Try it — Write the listing out again word for word, excluding any pictures.

Dataset section —
--- START ---
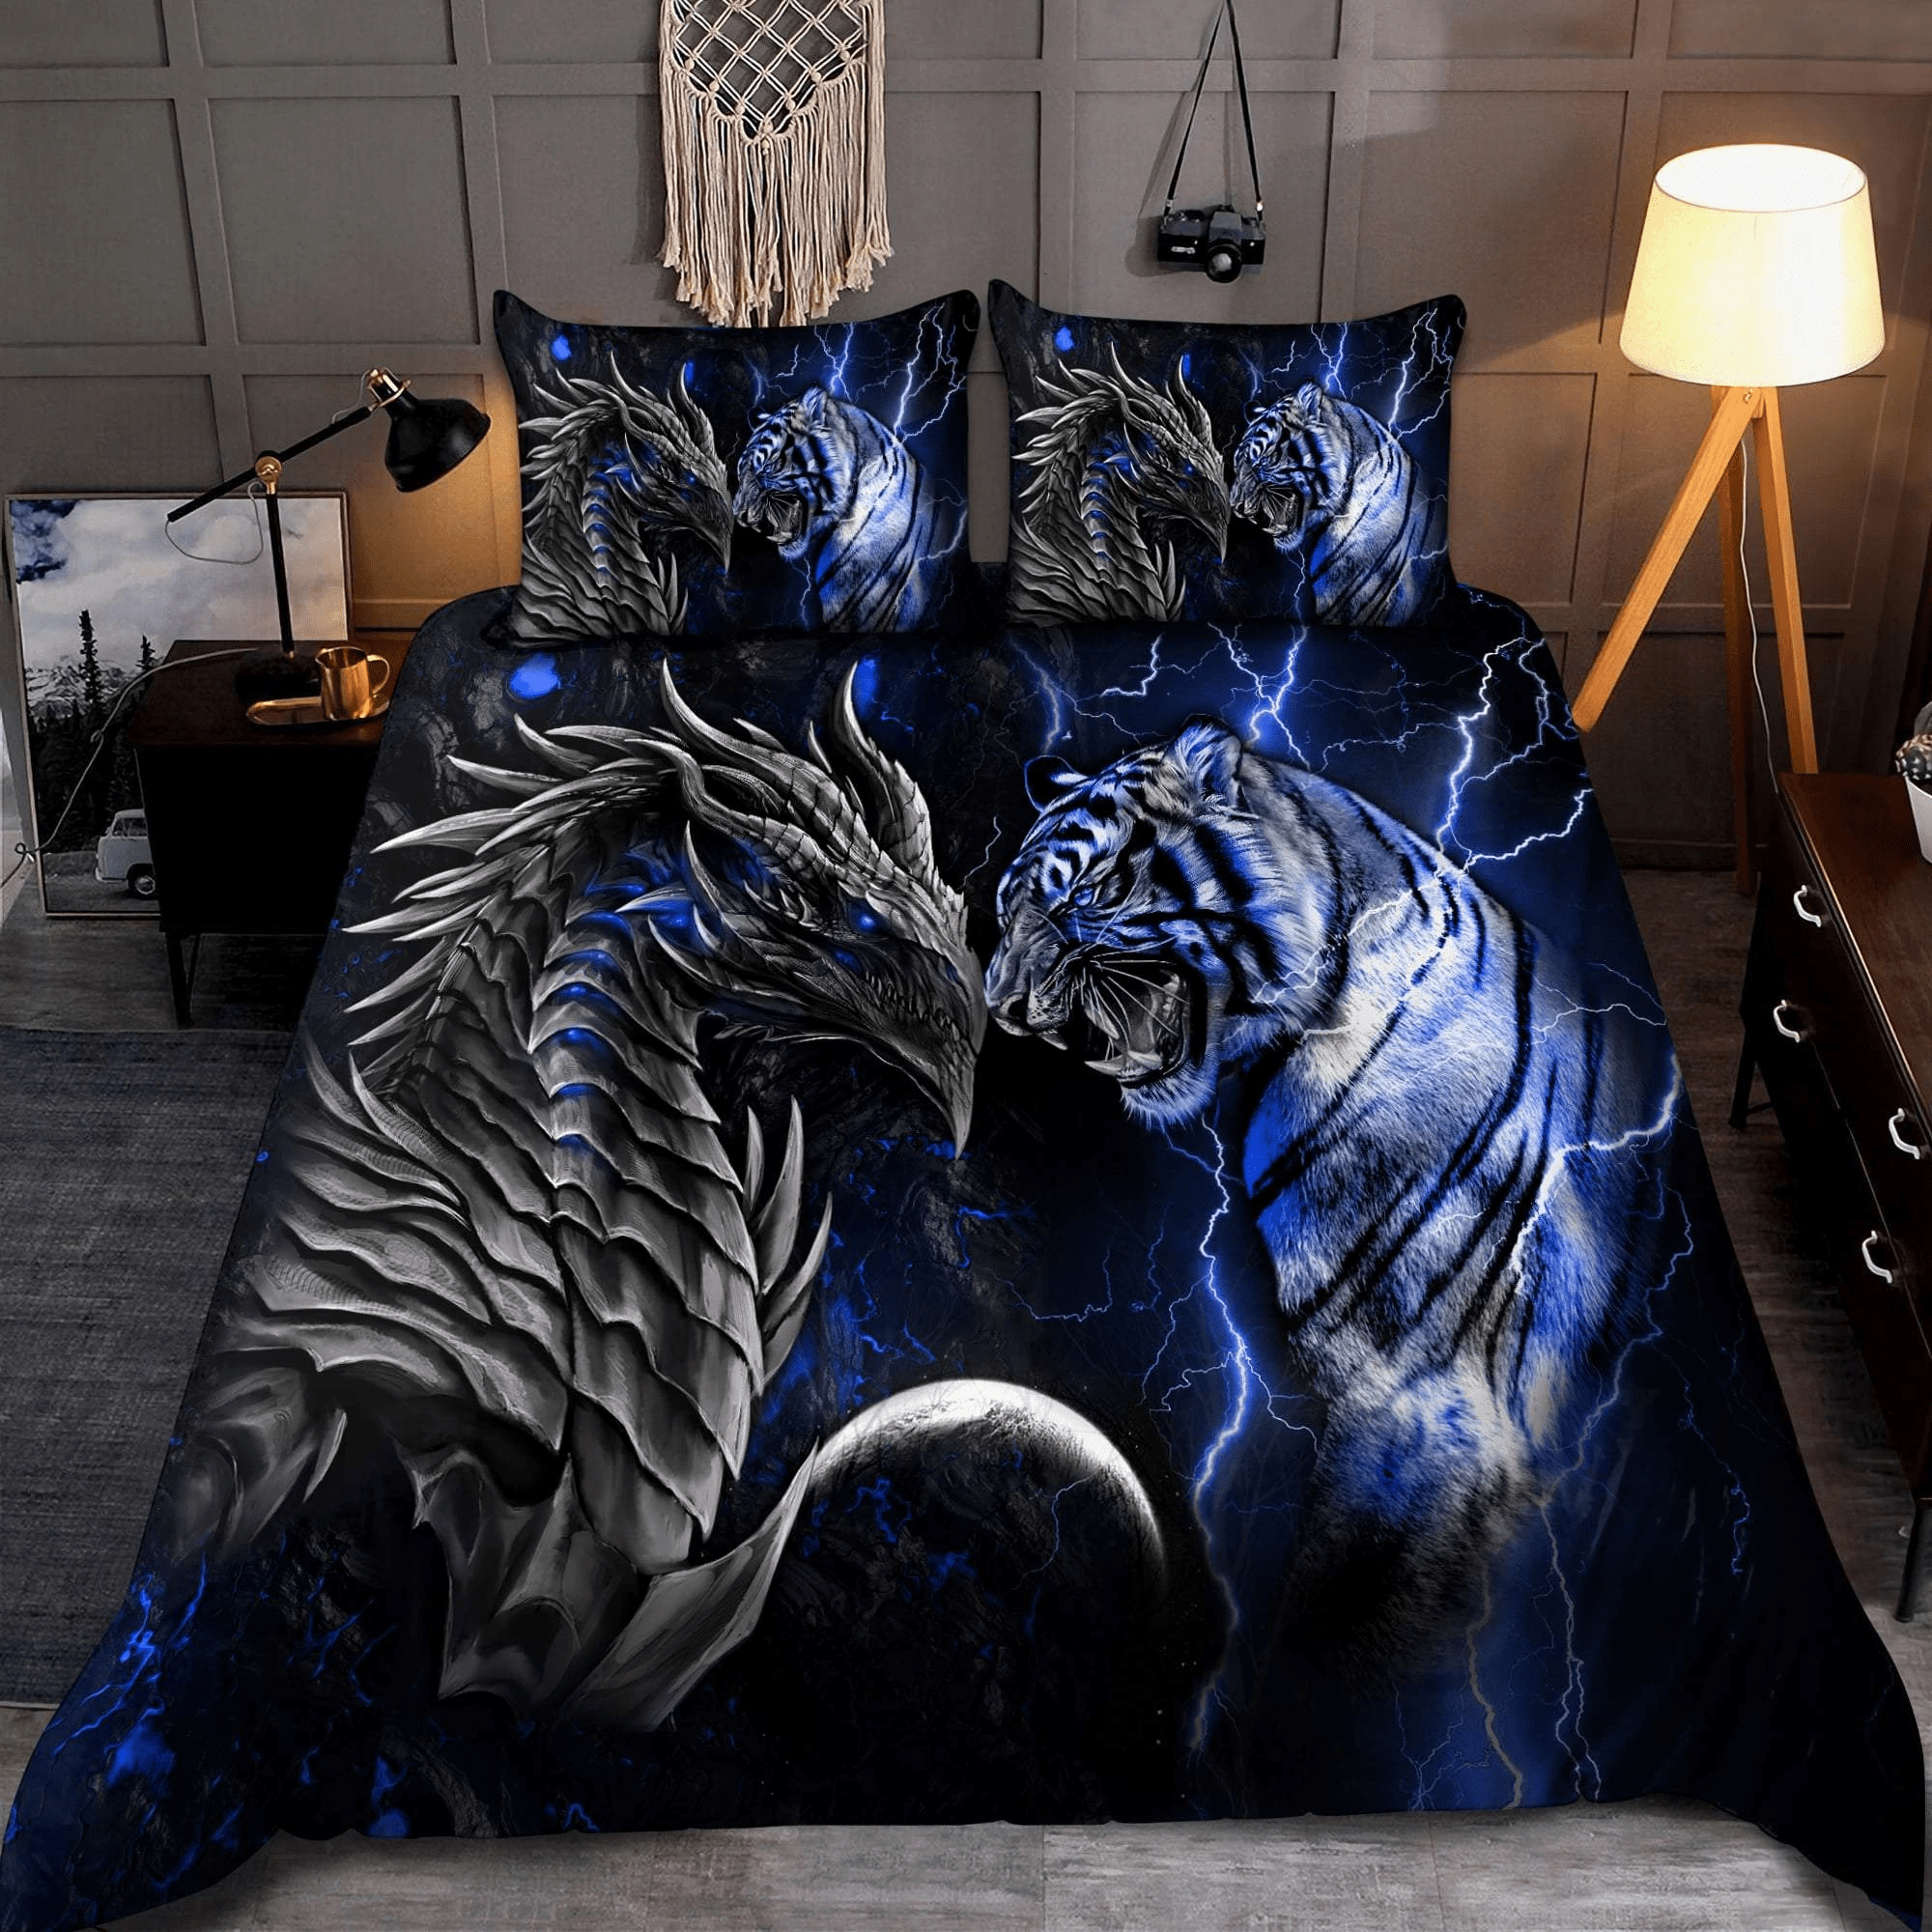 Blue Dragon And Tiger Duvet Cover Bedding Set
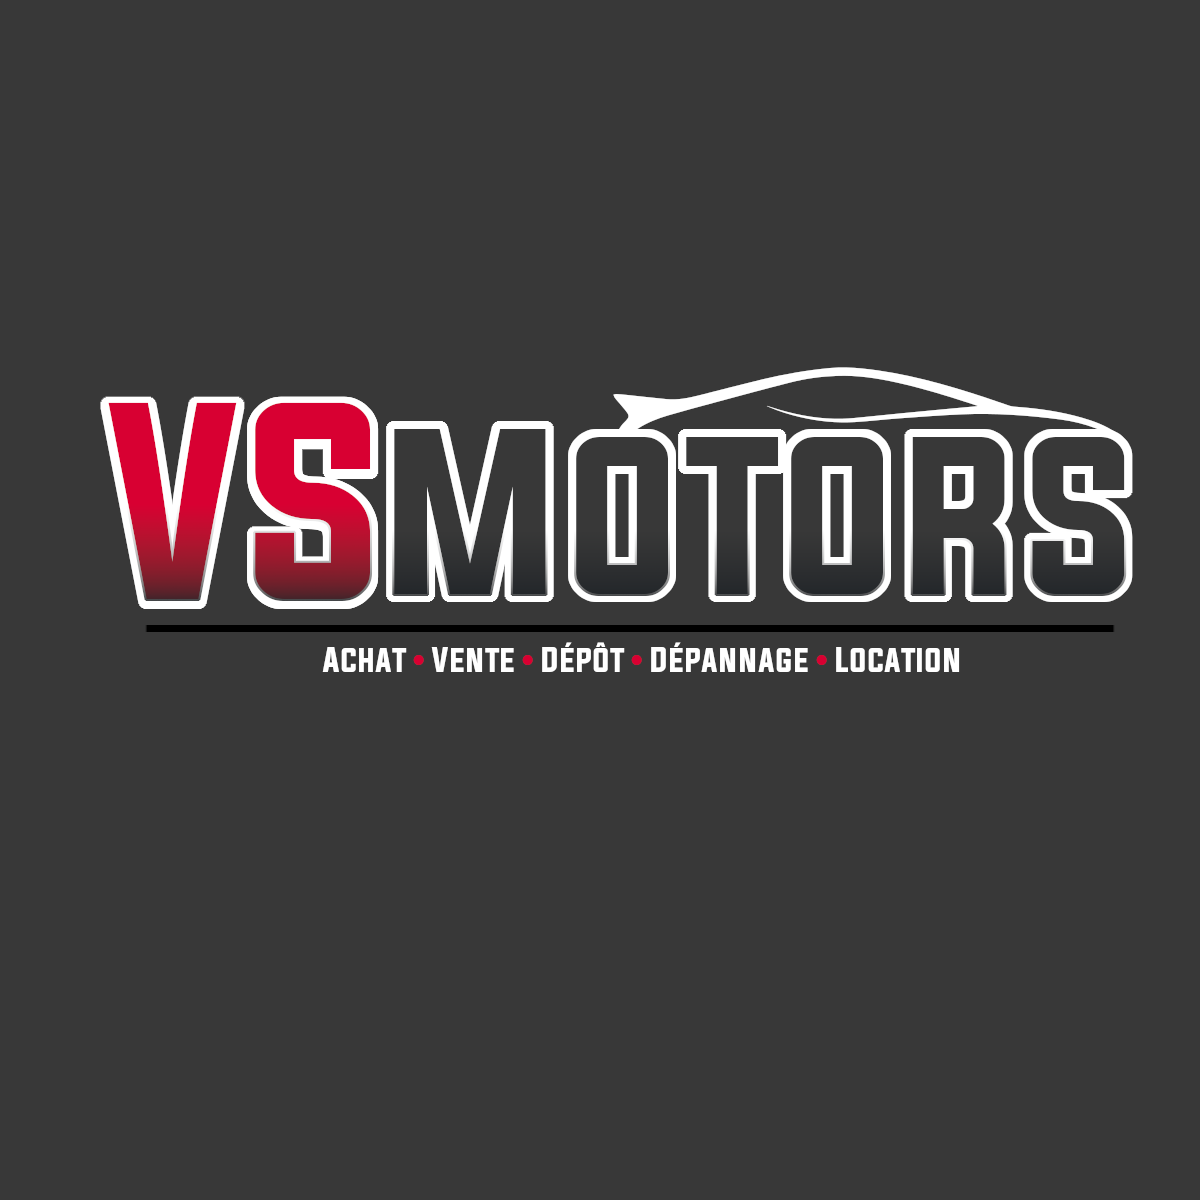 vsmotors logo wapi web
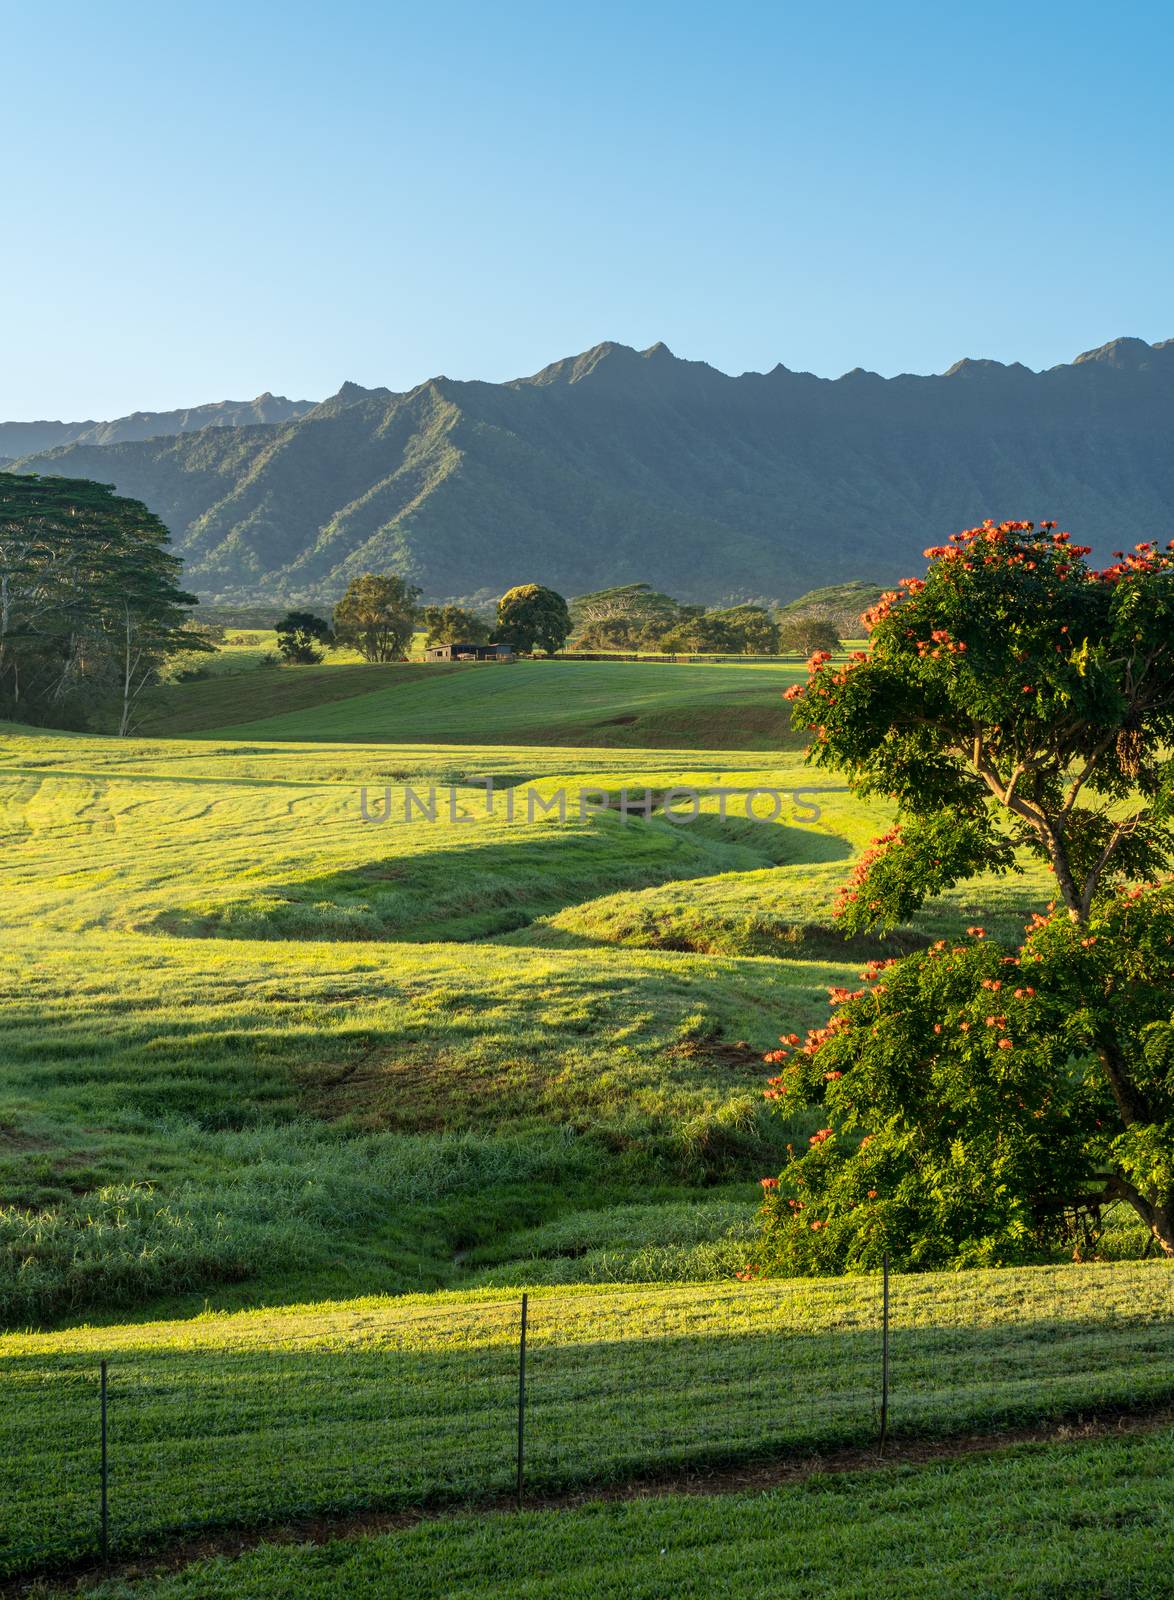 Striking landscape of Jurassic garden island of Kauai by steheap
--- END ---
Answer section —
 Blue Dragon And Tiger Duvet Cover Bedding Set
 vsmotors logo wapi web
 Striking landscape of Jurassic garden island of Kauai by steheap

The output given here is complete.